FJI Sues Apartment Complex for Race Discrimination on Behalf of HOPE and Other Applicants

The Florida Justice Institute has filed a lawsuit against the owners and operators of Aventura Harbor Apartments for race discrimination against prospective tenants.  The case is brought on behalf of Housing Project Opportunities for Excellence (HOPE), a local fair housing organization that sent testers of different races to ask about the availability of apartments, and several individual African-Americans who were given false information about the availability of apartments.  The suit brings claims under the Fair Housing Act and the Civil Rights Act of 1866, and names as defendants Beverly Hills Club Apartments, LLC and United Property Management, Inc., as well as two employees at the apartment complex.

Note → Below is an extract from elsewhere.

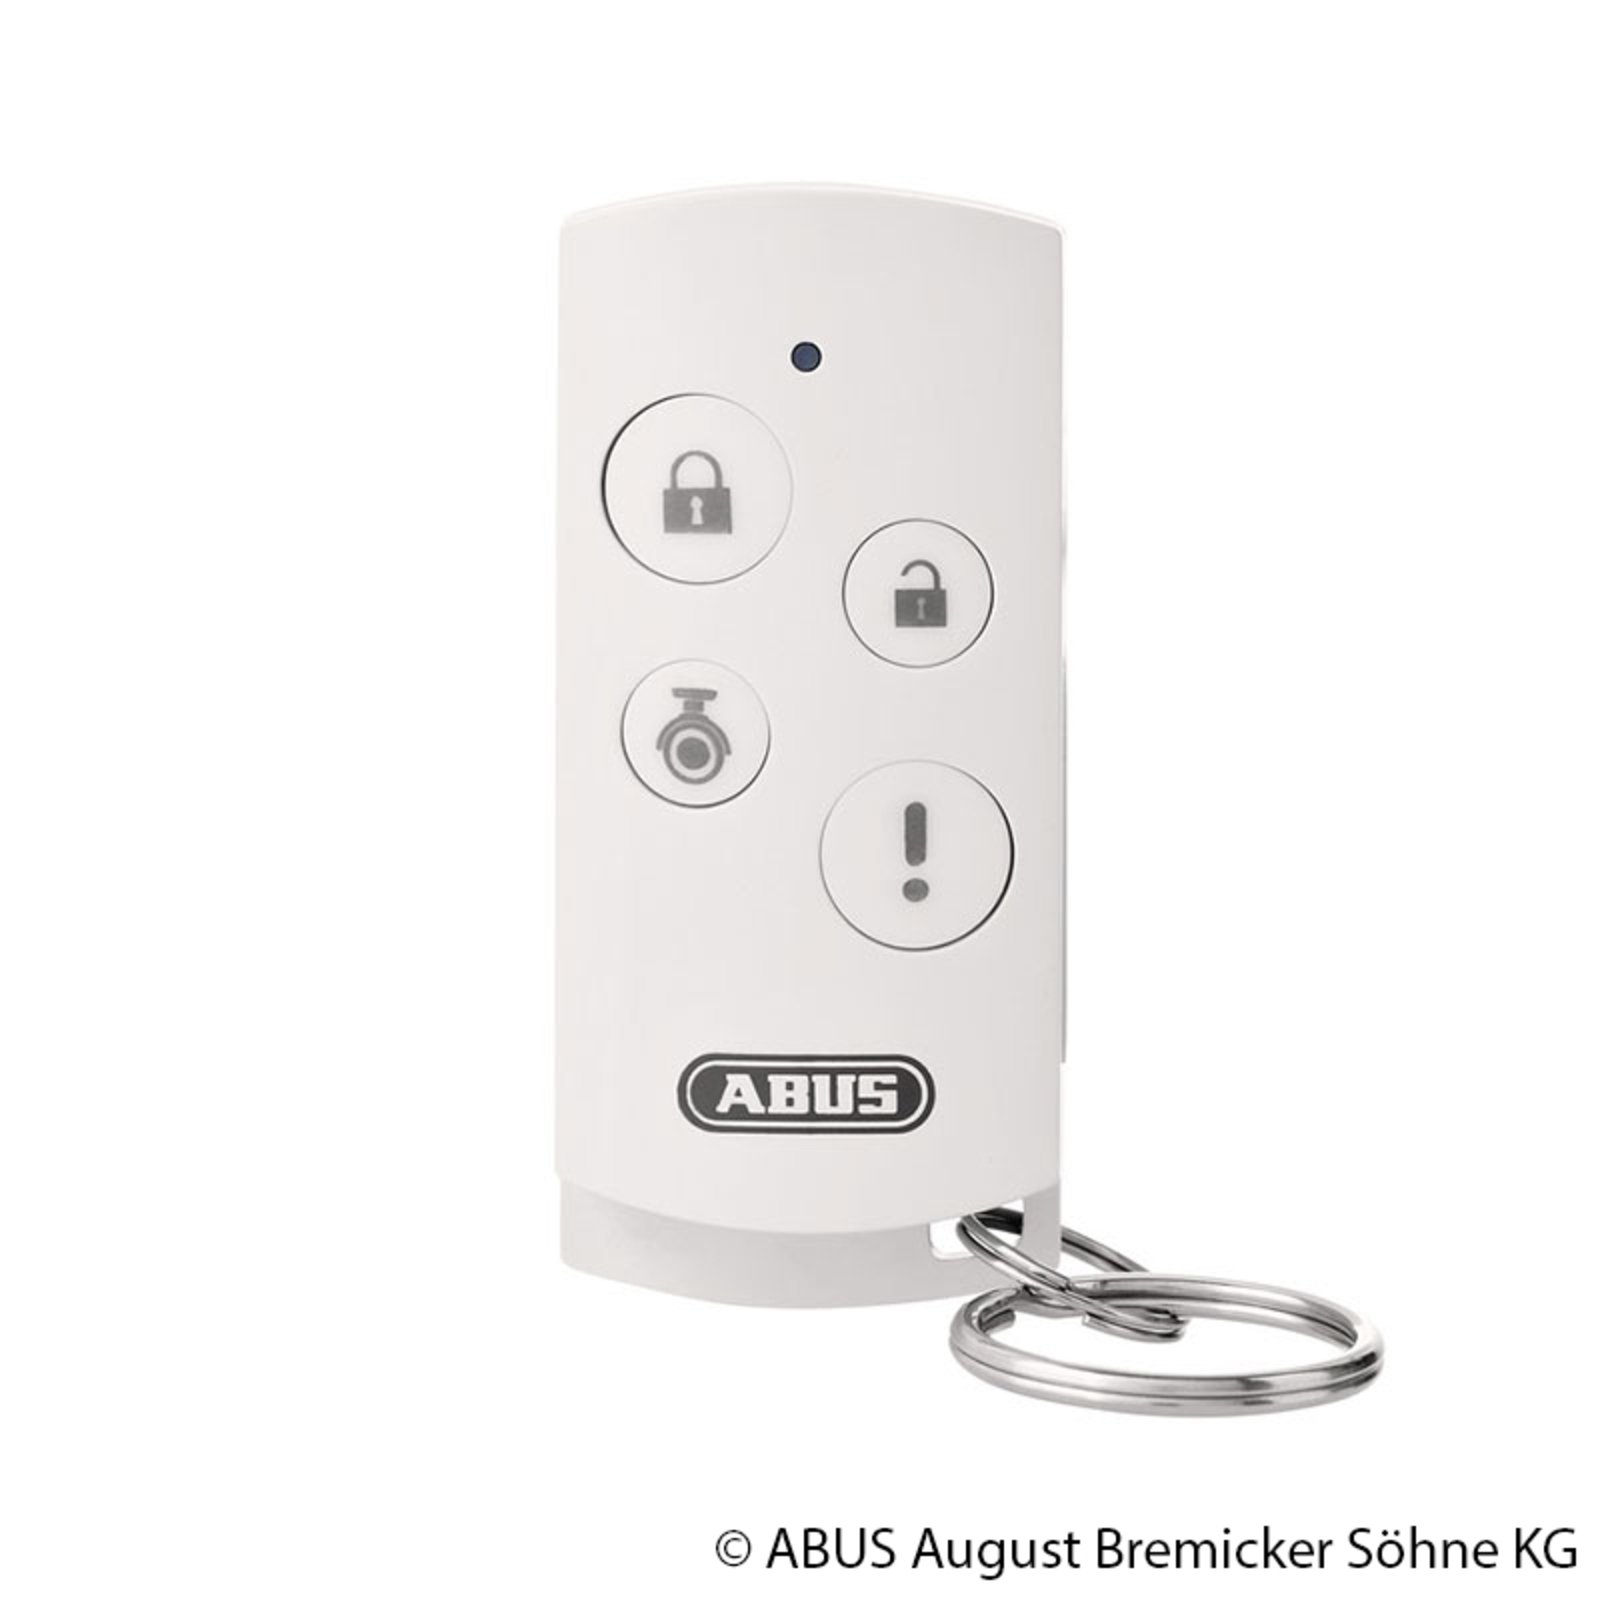 ABUS Smartvest wireless remote control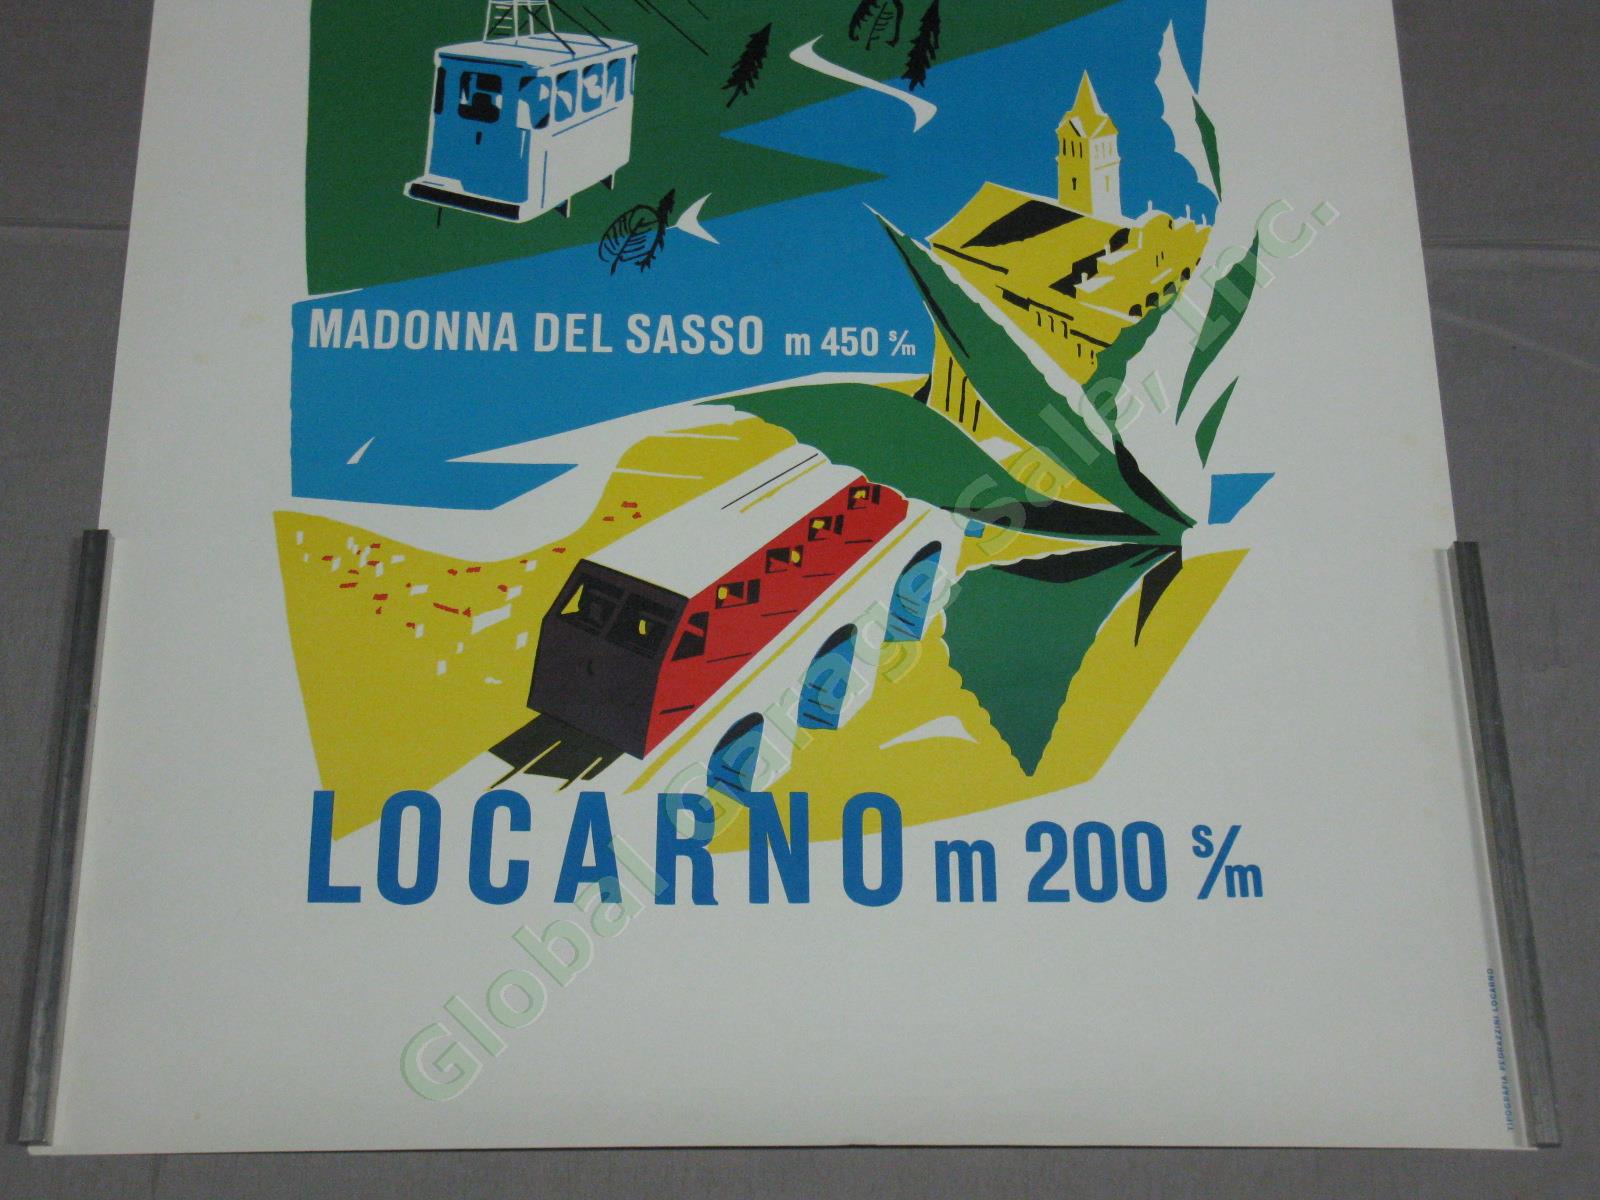 Vtg 1950s Swiss Travel Poster Locarno Ticino Switzerland Cog Railway Cable Car 2

The suit alleges that HOPE’s African-American testers were falsely told that no apartments were available, or were available on less favorable terms, while the white and/or Hispanic testers were told that apartments were in fact available or were given more favorable terms.  One individual plaintiff is an employee of the apartment complex who was not offered the same rent discount as other white and/or Hispanic employees.  Two other sets of individual plaintiffs were falsely told that there were no apartments available in their price ranges, and then alterations were made to the visitor log so that no follow-up would be conducted with them.

This is not the first time that this apartment complex has been sued for race discrimination.  The owners or operators of the complex have been sued twice before by the U.S. Department of Justice, and once by FJI representing HOPE and other individual plaintiffs.  The latter lawsuits resulted in a $1.2 million settlement.

You can read the press release, or view media coverage of the suit.  Coincidentally, the Miami-Dade County Commission had recently voted to name a street after Jose Milton, the late owner of the companies that were sued, despite the previous lawsuits.  When this new lawsuit became public, however, the Commission voted to reverse that decision.